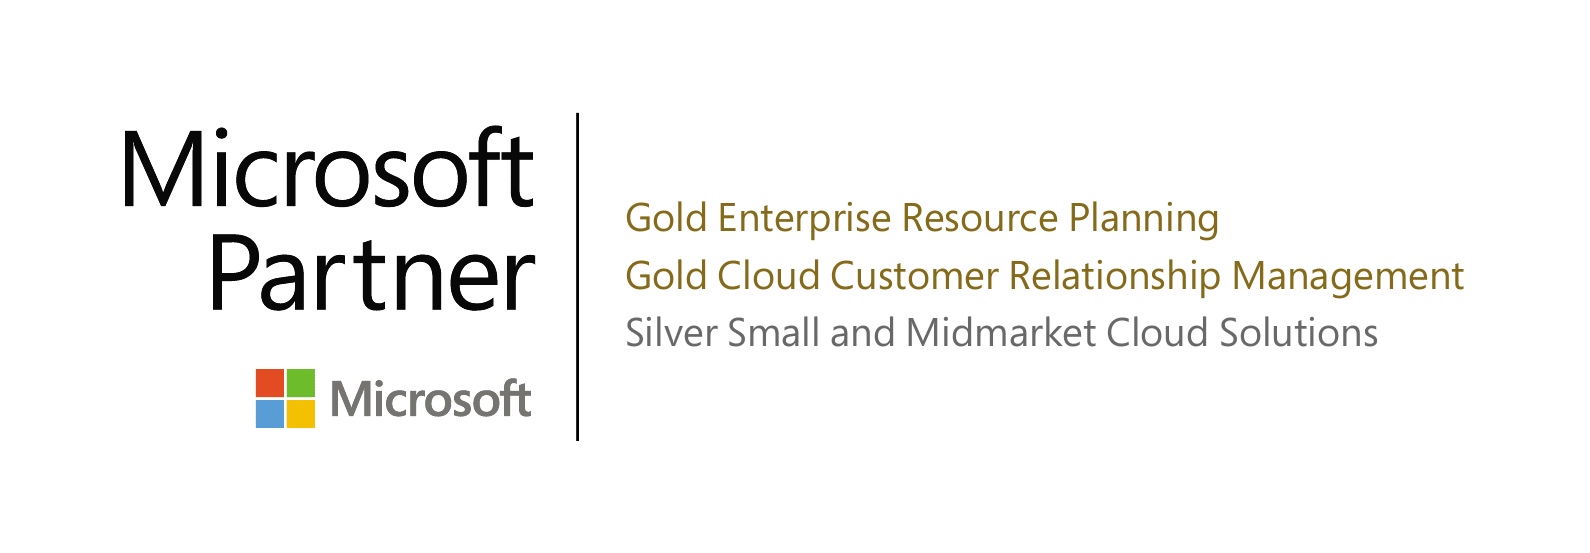 Stoneridge software achieves microsoft gold partner status for cloud crm certification
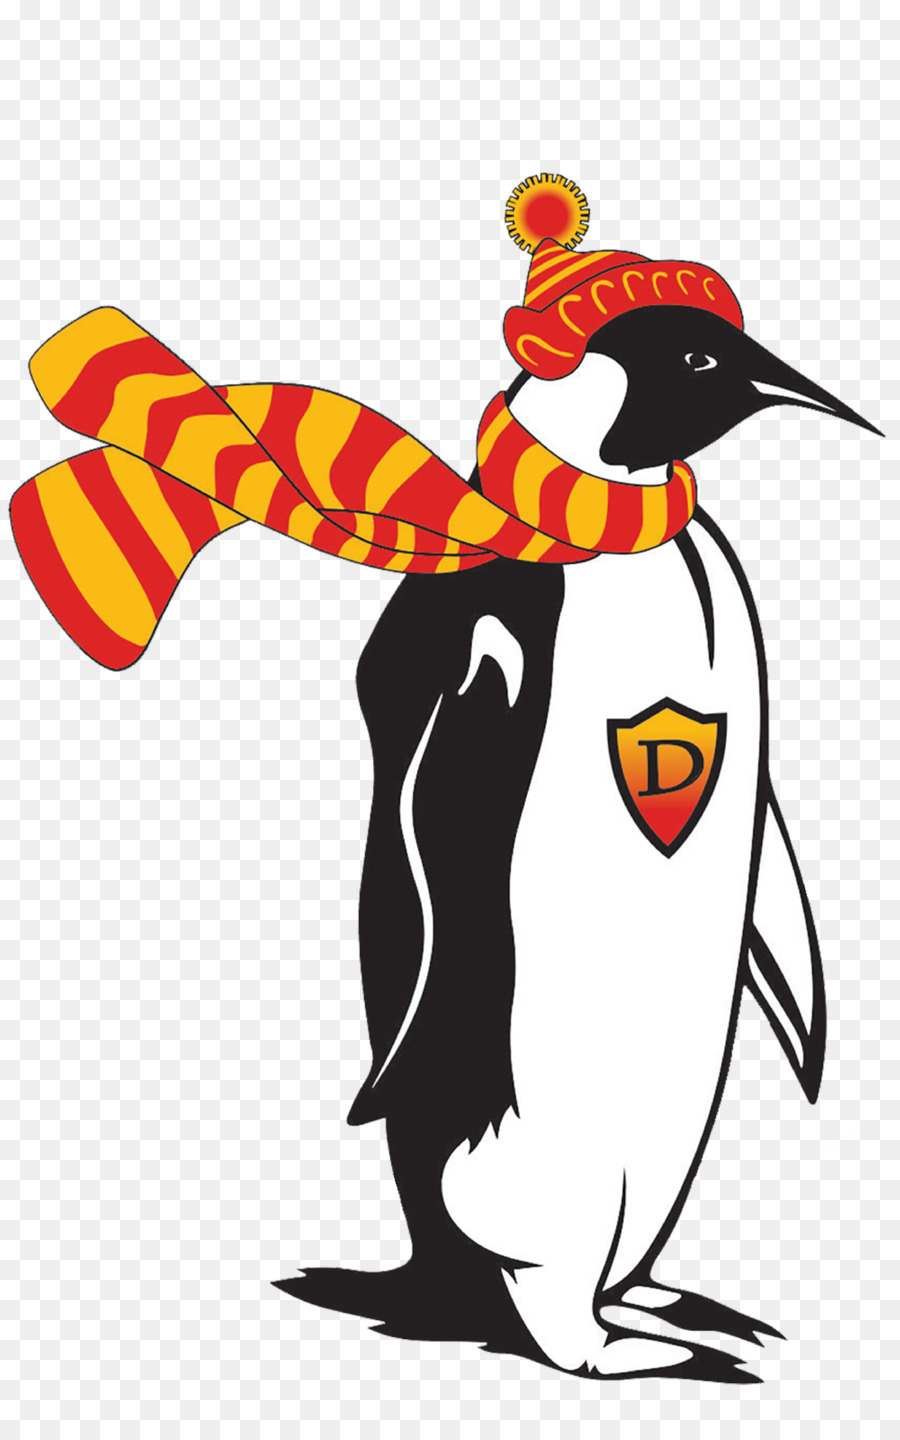 Pinguino Wall decal Sticker - l'aria fredda
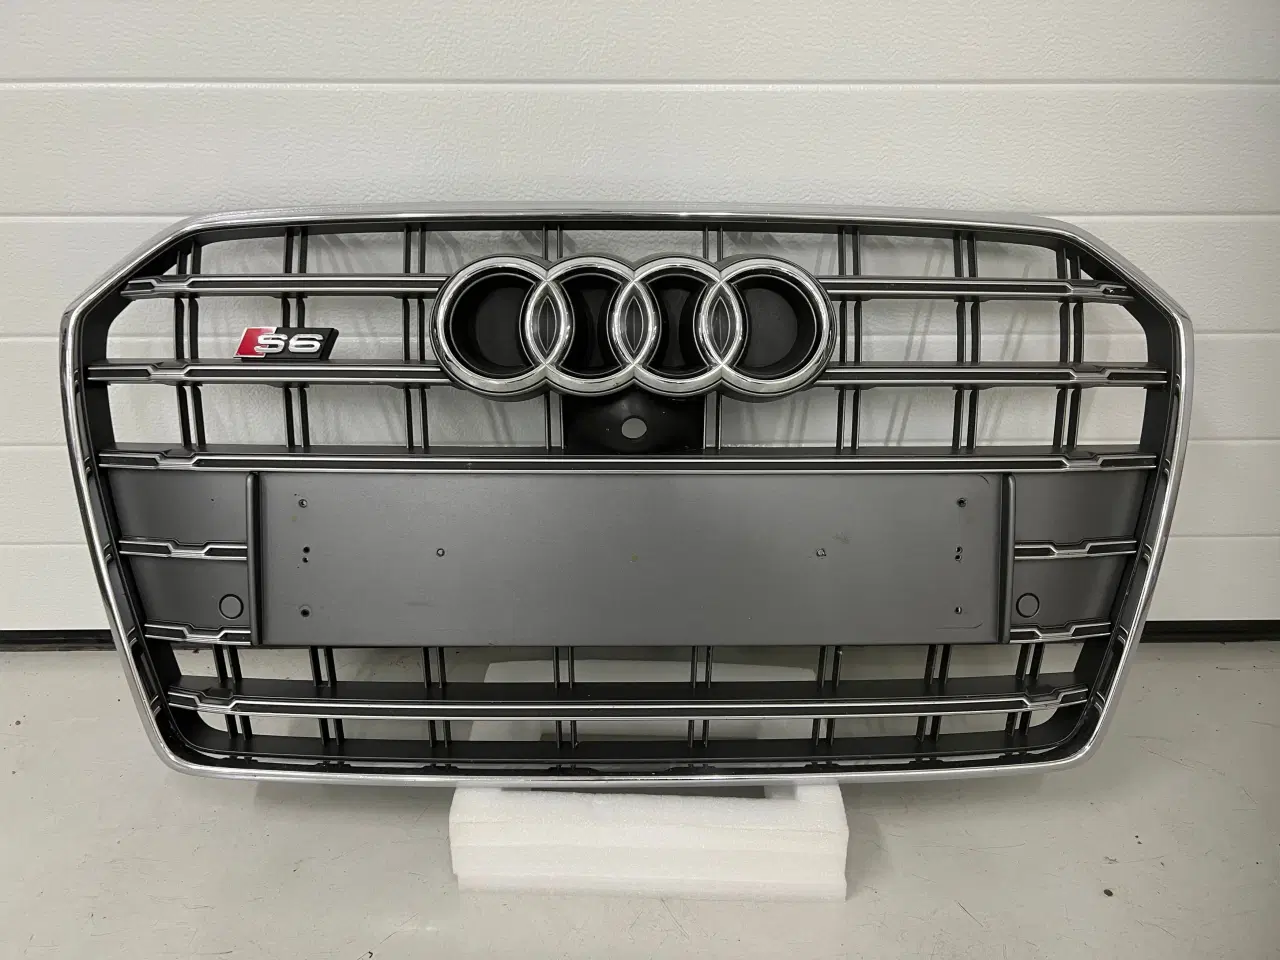 Billede 1 - Audi S6 grill

## WHAT THE TASK REQUIRES
Retype the whole listing exactly. Do not include the pictures.

## EXPECTED ANSWER
 Stoneridge software achieves microsoft gold partner status for cloud crm certification
 Pinguino Wall decal Sticker - l'aria fredda
 Billede 1 - Audi S6 grill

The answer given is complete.